I'm a fervent online shopper whose disposable income (when available) is largely distributed to independent businesses, musicians, designers, illustrators and artists.
Over the years I've moved through every white-label and marketplace commerce flow you can think of - WooCommerce, Squarespace, Wix, Shopify, Big Cartel, Etsy, Magento, Open Cart to name but a few. Do this enough and you get a feel for which platform is which just from the template layouts and design decisions in the UI. I've also begun to notice the similarities too - the patterns each adopt from the other in a bid to level up functionality, bring competitive value to their user base and maximise data/monetary acquisition for themselves.

Three particular patterns that leave me with immeasurable ire each and every time I encounter them have found their way to high prevalence across internet shopping experiences. They are:
1. SALES requiring discount codes at checkout.

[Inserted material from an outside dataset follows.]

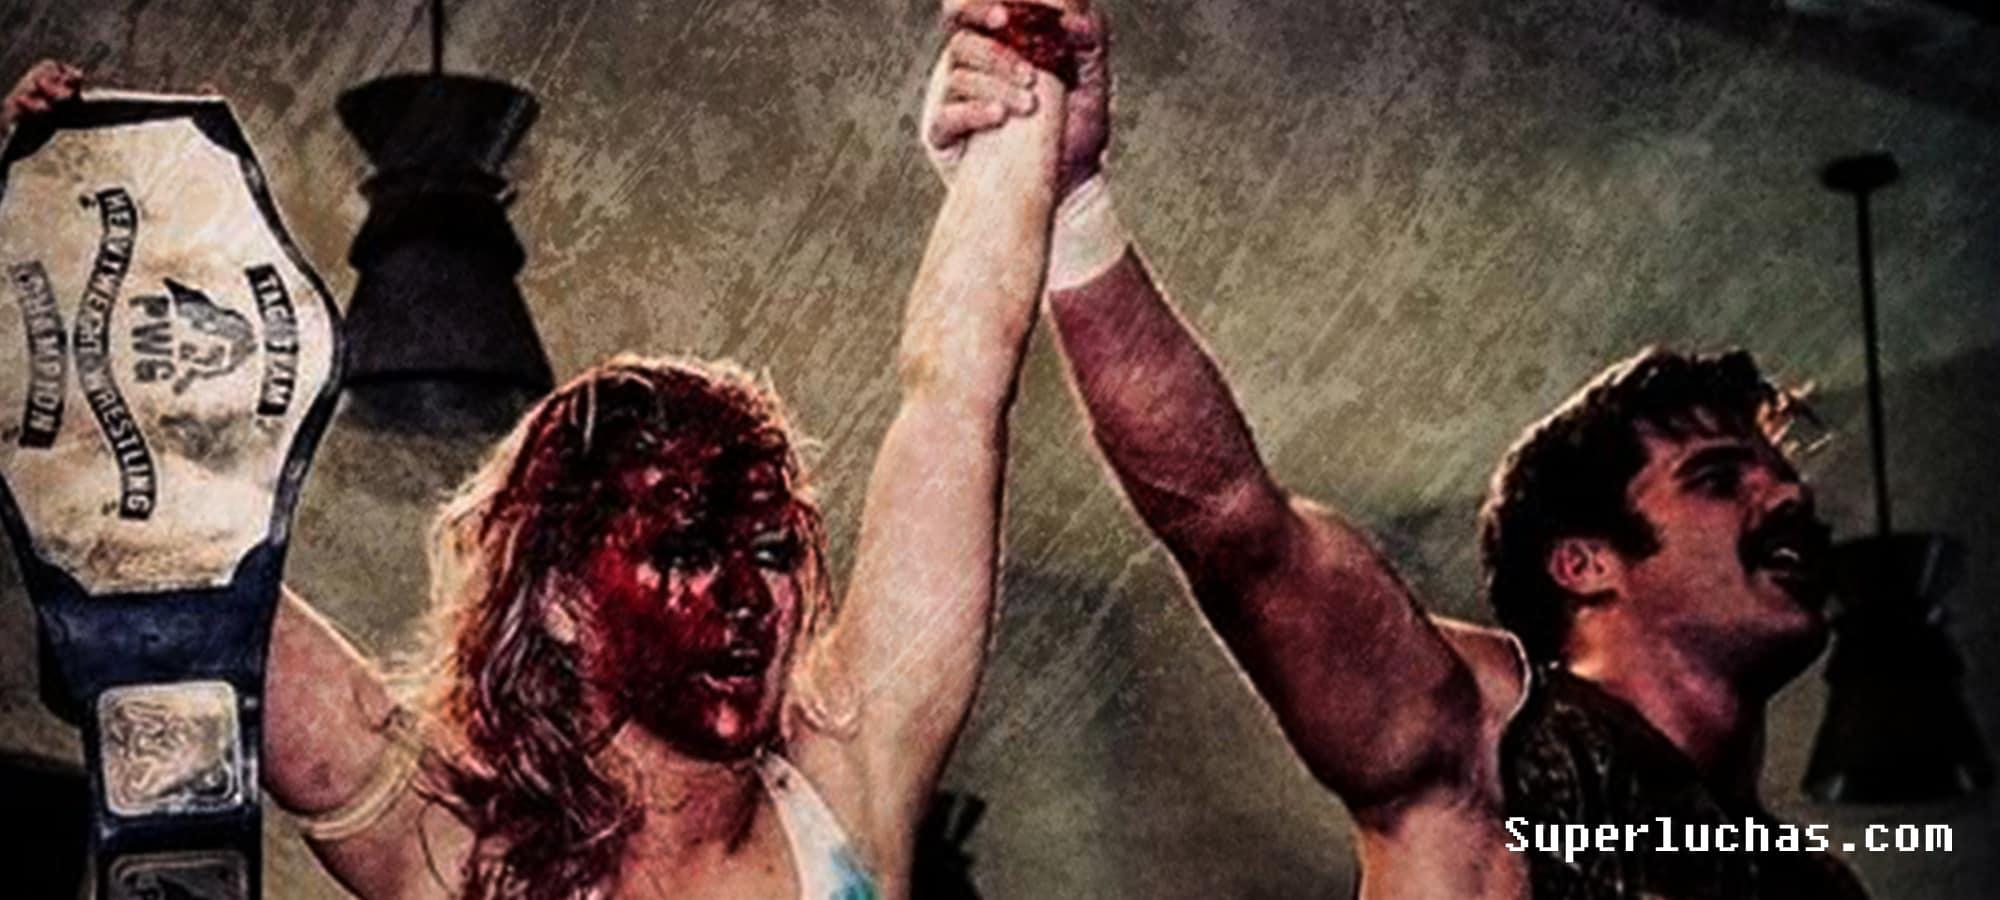 Se vuelve a encender la revolución femenil: Candice LeRae debuta en NXT 1

Which is it? Are you having a SALE or are you issuing discount codes?
I'm sure you've seen calls to action like this a thousand times: "10% off when you use SAVE10 at checkout". This is fine, generally, until it's mislabelled as a SALE. The imprudent mislabelling of SALEs is so commonplace that genuine SALEs or items on sale require qualifiers to allay confusion - how often have you seen "discount will automatically apply at checkout" to help you understand the difference. And even then, applying a discount so late in the purchase funnel is akin to voucher code entry rather than a bona fide SALE where the purchase price of goods has actually been reduced. A shop can't in all good conscience claim to be having a SALE if it's still possible to buy the same goods at full price by omitting a discount code during the checkout process.
Can you imagine the equivalent of this happening in a real-world bricks and mortar store? Customers presenting their baskets to the checkout operator, loaded with items marked with red stickers denoting savings, but each scanning through at full price. Customers would rightly contest the miscalculation and would expect the corrections be punched into the till, not for the operator to lean forward and discreetly whisper "what's the password?"
Why do we see this?
A code can easily be forgotten or missed, so utilising one is either an intentional, deceptive praxis to convolute the purchasing process, or, more likely, it's an act of indolent product management with a cumbersome e-commerce system. In many cases it may simply be easier in the back-end to generate a catch-all voucher code than it is to define conditional rules, price reduction segmentation and every other step involved in configuring a proper online SALE. This, as I say, is either an administrative user issue or a system complexity issue.
What's the fix?
I've criticised shop management for being lazy above, yet equally lazy are customers like me who don't want the hassle of typing semi-comprehensible jargon into yet more checkout fields. Granted the system needs to deduce to whom the "SALE" does and does not apply if management fail to configure that internally, but shirking that burden to the customer is the wrong move. If you will insist on having discount codes masquerading as a SALE have them bound to a session cookie, set by referral source, so the user is in "SALE mode" the moment they first arrive on your site through to successful checkout.
2. Displaying sold out items.

As a user browses your products, either in a defined category, a dedicated search, or the full gamut, they'll be served a mixture of items that are both in and out of stock.
Why do we see this?
I get it, your range looks less impressive if you only display items with available inventory. You can boost your session duration metrics if you trap users on product pages they ultimately can't engage with. And SEO becomes a more intensive process to manage if pages are constantly changing publication status.
I get all of that. But please consider what a disheartening user experience this makes for.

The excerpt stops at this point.